Economically motivated adulteration threatens both consumer rights and market integrity, particularly with high-value cold-pressed oils like cactus seed oil (CO). This study proposes a machine learning model that integrates analytical measurements, data simulations, and classification techniques to detect adulteration of CO with refined sunflower oil (SO) and determine the detectable limit of adulteration without measuring a huge number of different mixtures. First, pure CO and SO samples were analyzed for their fatty acid, triacylglycerol, and tocochromanol content using HPLC or GC. The resulting oil composition data served as the foundation for further simulations. Monte Carlo (MC) simulations outperformed Conditional Tabular Generative Adversarial Networks (CTGAN) in simulating realistic oil compositions, with MC yielding lower Kullback-Leibler Divergence values compared to CTGAN. The MC-simulated data were then used to simulate larger datasets, a critical step for training and testing two classification models: Random Forest (RF) and Neural Networks (NN), as robust training cannot be achieved with small sample sizes. Both models achieved good classification accuracies, with RF achieving higher accuracy than NN, reaching 94% on simulated datasets and 90% on real-world samples with detectable adulteration levels as low as 1%. RF also offers better interpretability and is computational less demanding as compared to NN which makes it advantageous for authenticity verification in this study. Therefore, combining MC simulation with RF as a robust method for detecting CO adulteration is proposed. The proposed method, coded in Python and available as open-source, offers a flexible framework for continuous adaptation with new data.

Abstract Image

查看原文本刊更多论文

仙人掌籽油的掺假检测：整合分析化学和机器学习方法

出于经济动机的掺假威胁到消费者的权利和市场的完整性，特别是高价值的冷榨油，如仙人掌籽油（CO）。本研究提出了一种机器学习模型，该模型集成了分析测量、数据模拟和分类技术，用于检测CO与精炼葵花籽油（SO）的掺假，并确定掺假的可检测极限，而无需测量大量不同的混合物。首先，用HPLC或GC分析纯CO和SO样品的脂肪酸、甘油三酯和甲苯酚含量。由此得出的石油成分数据为进一步的模拟奠定了基础。蒙特卡罗（MC）模拟在模拟真实石油成分方面优于条件表生成对抗网络（CTGAN），与CTGAN相比，MC产生的Kullback-Leibler散度值更低。mc模拟的数据随后被用于模拟更大的数据集，这是训练和测试两种分类模型的关键步骤：随机森林（RF）和神经网络（NN），因为小样本量无法实现鲁棒训练。两种模型都获得了良好的分类精度，RF的准确率高于NN，在模拟数据集上达到94%，在可检测掺假水平低至1%的真实样本上达到90%。与神经网络相比，射频还提供了更好的可解释性，并且计算需求更少，这使得它有利于本研究中的真实性验证。因此，提出了将MC模拟与RF相结合作为检测CO掺假的鲁棒方法。所提出的方法是用Python编写的，并且是开源的，它为不断适应新数据提供了一个灵活的框架。

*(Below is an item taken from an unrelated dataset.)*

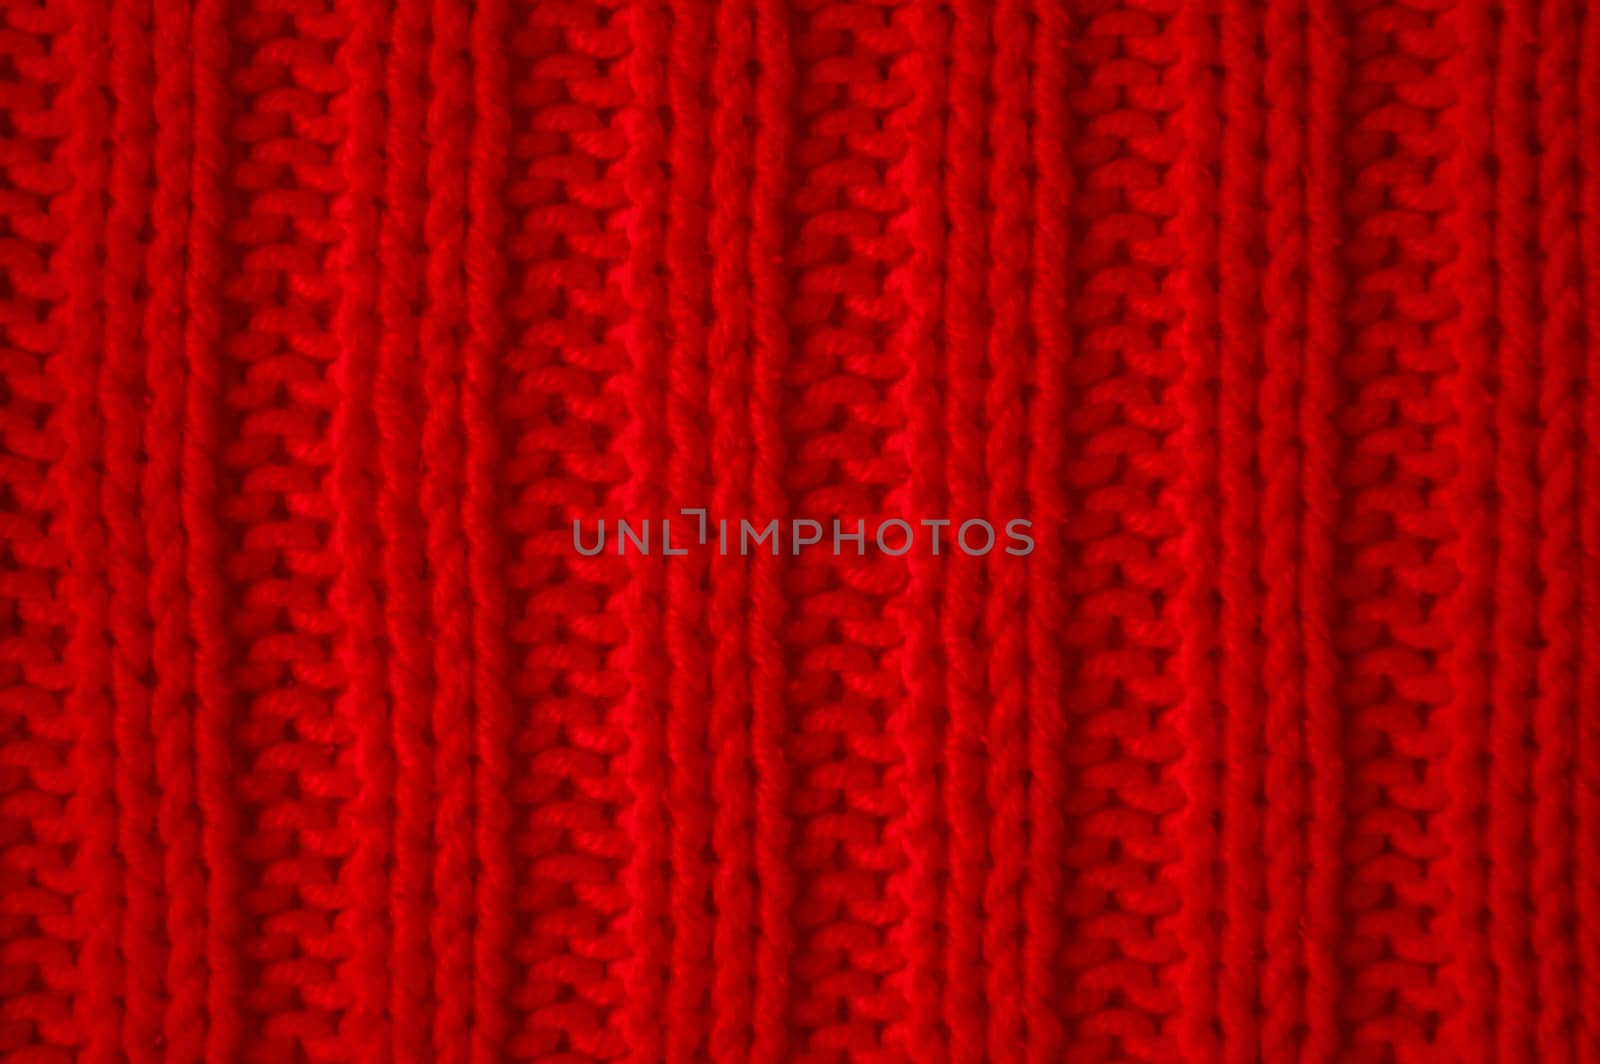 Detail Knitted Wool. Vintage Woven Pattern. Fiber Handmade Holiday Background. Soft Abstract Wool. Red Closeup Thread. Scandinavian Xmas Scarf. Cotton Print Cashmere. Knitted Fabric.

本文章由计算机程序翻译，如有差异，请以英文原文为准。

求助全文

约1分钟内获得全文求助全文

来源期刊

Current Research in Food Science Agricultural and Biological Sciences-Food Science

CiteScore

7.40

自引率

3.20%

发文量

232

审稿时长

84 days

期刊介绍： Current Research in Food Science is an international peer-reviewed journal dedicated to advancing the breadth of knowledge in the field of food science. It serves as a platform for publishing original research articles and short communications that encompass a wide array of topics, including food chemistry, physics, microbiology, nutrition, nutraceuticals, process and package engineering, materials science, food sustainability, and food security. By covering these diverse areas, the journal aims to provide a comprehensive source of the latest scientific findings and technological advancements that are shaping the future of the food industry. The journal's scope is designed to address the multidisciplinary nature of food science, reflecting its commitment to promoting innovation and ensuring the safety and quality of the food supply.